# PROVIDED MATERIAL
+===+

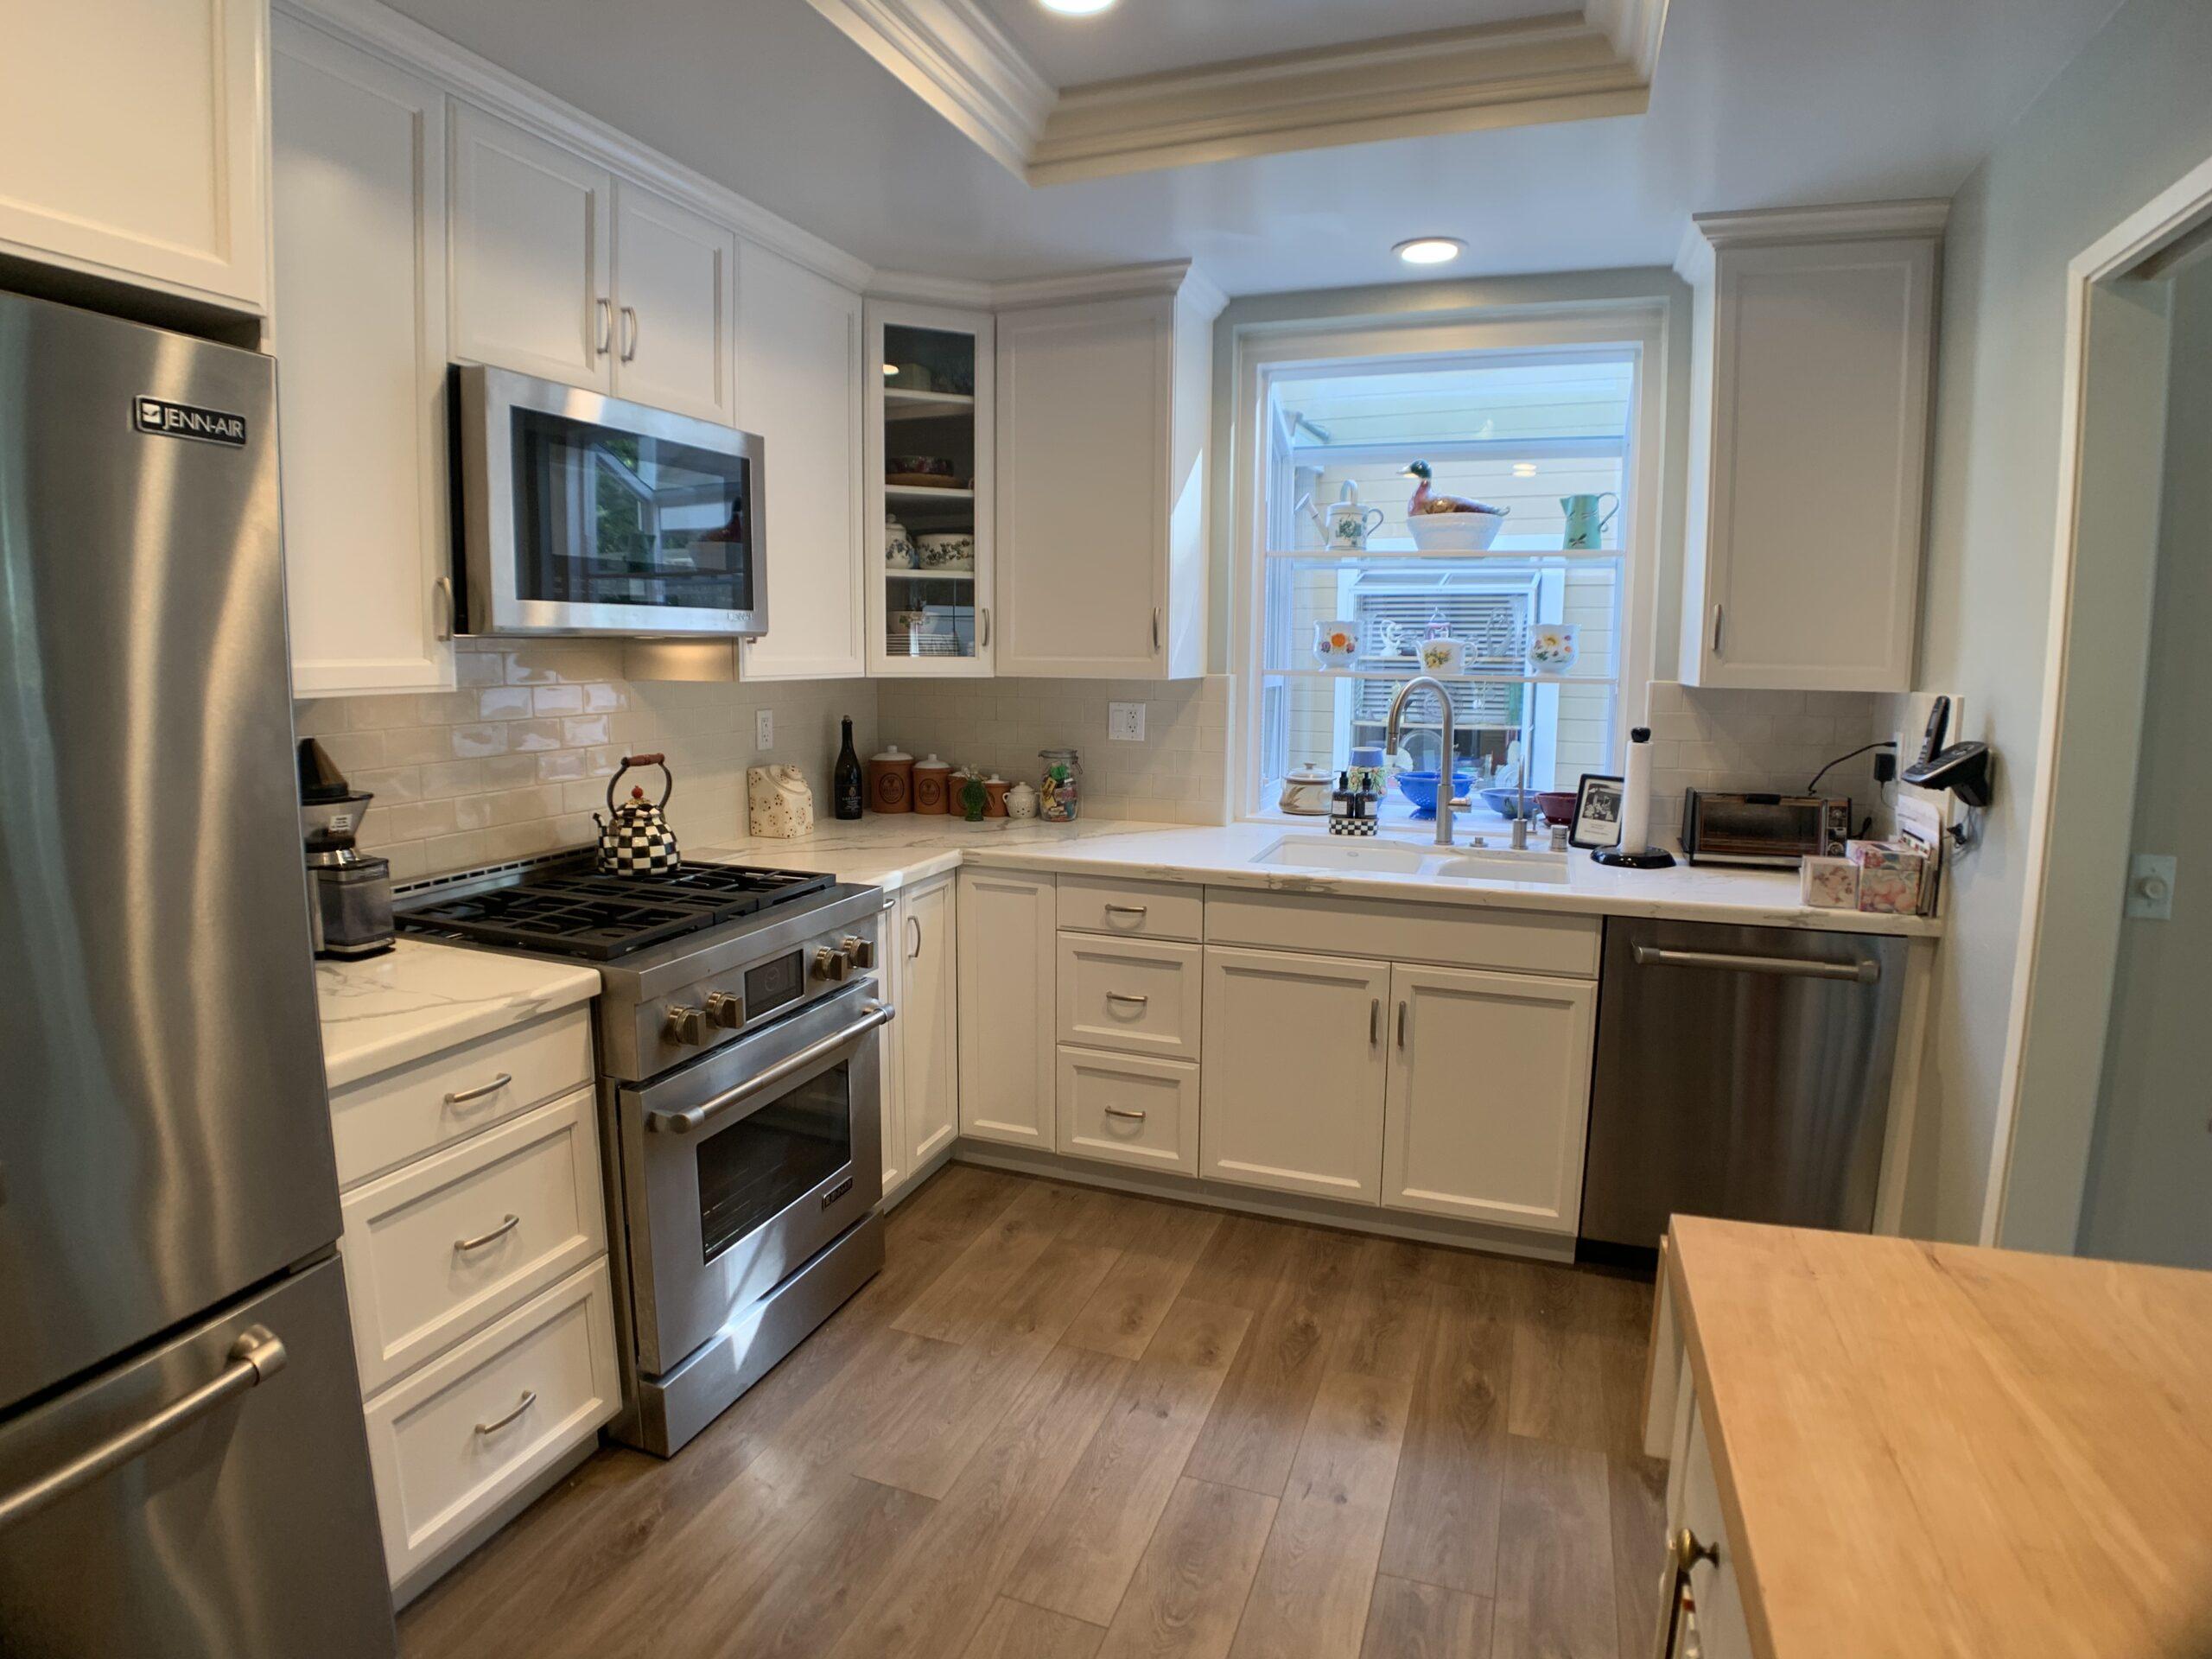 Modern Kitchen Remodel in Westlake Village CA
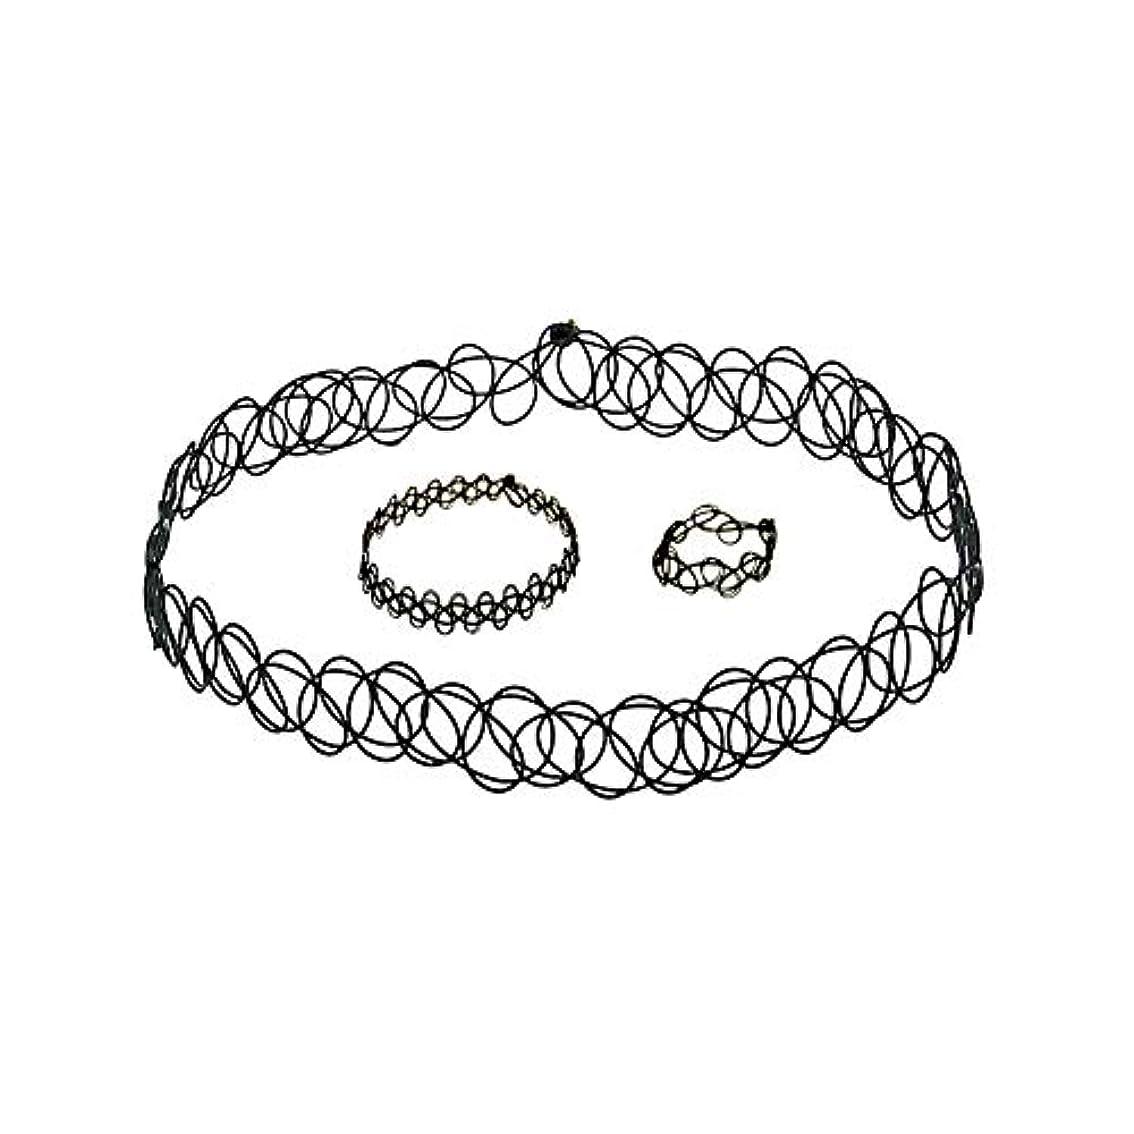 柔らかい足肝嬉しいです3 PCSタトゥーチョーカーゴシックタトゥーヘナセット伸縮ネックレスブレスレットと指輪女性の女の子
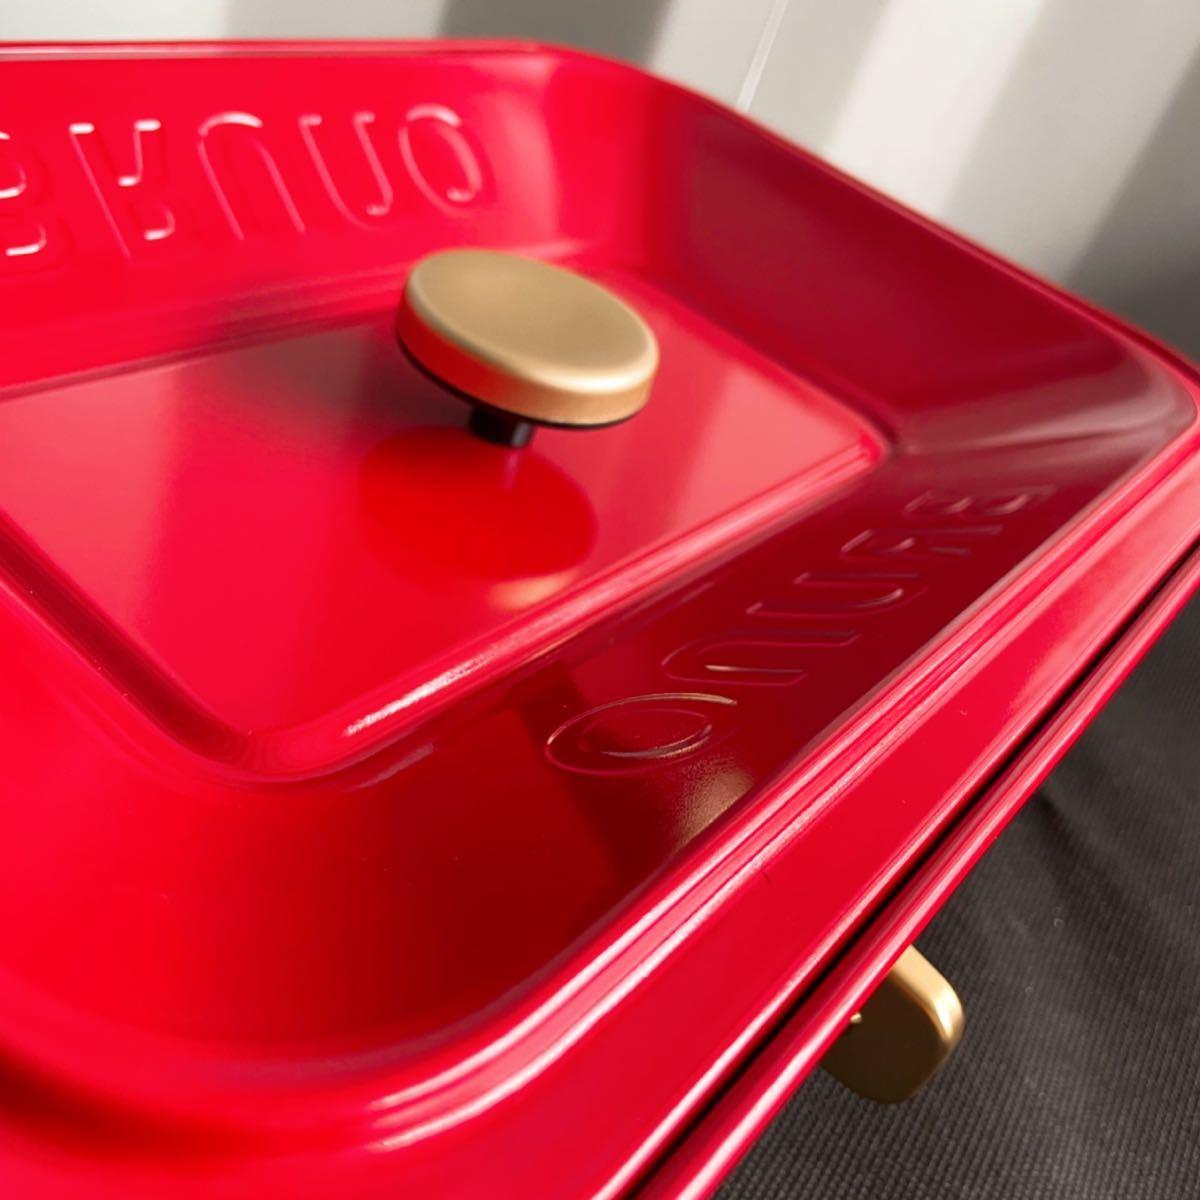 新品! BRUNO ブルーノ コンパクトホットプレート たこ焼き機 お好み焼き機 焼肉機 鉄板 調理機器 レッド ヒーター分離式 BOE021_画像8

+===+

# YOUR OBJECTIVE
The output should hold only the lines from the one containing "柔らかい足肝嬉しいです3 P" through the last line of the listing, reproduced exactly, pictures omitted.

# ANSWER BOX
 柔らかい足肝嬉しいです3 PCSタトゥーチョーカーゴシックタトゥーヘナセット伸縮ネックレスブレスレットと指輪女性の女の子
 新品! BRUNO ブルーノ コンパクトホットプレート たこ焼き機 お好み焼き機 焼肉機 鉄板 調理機器 レッド ヒーター分離式 BOE021_画像8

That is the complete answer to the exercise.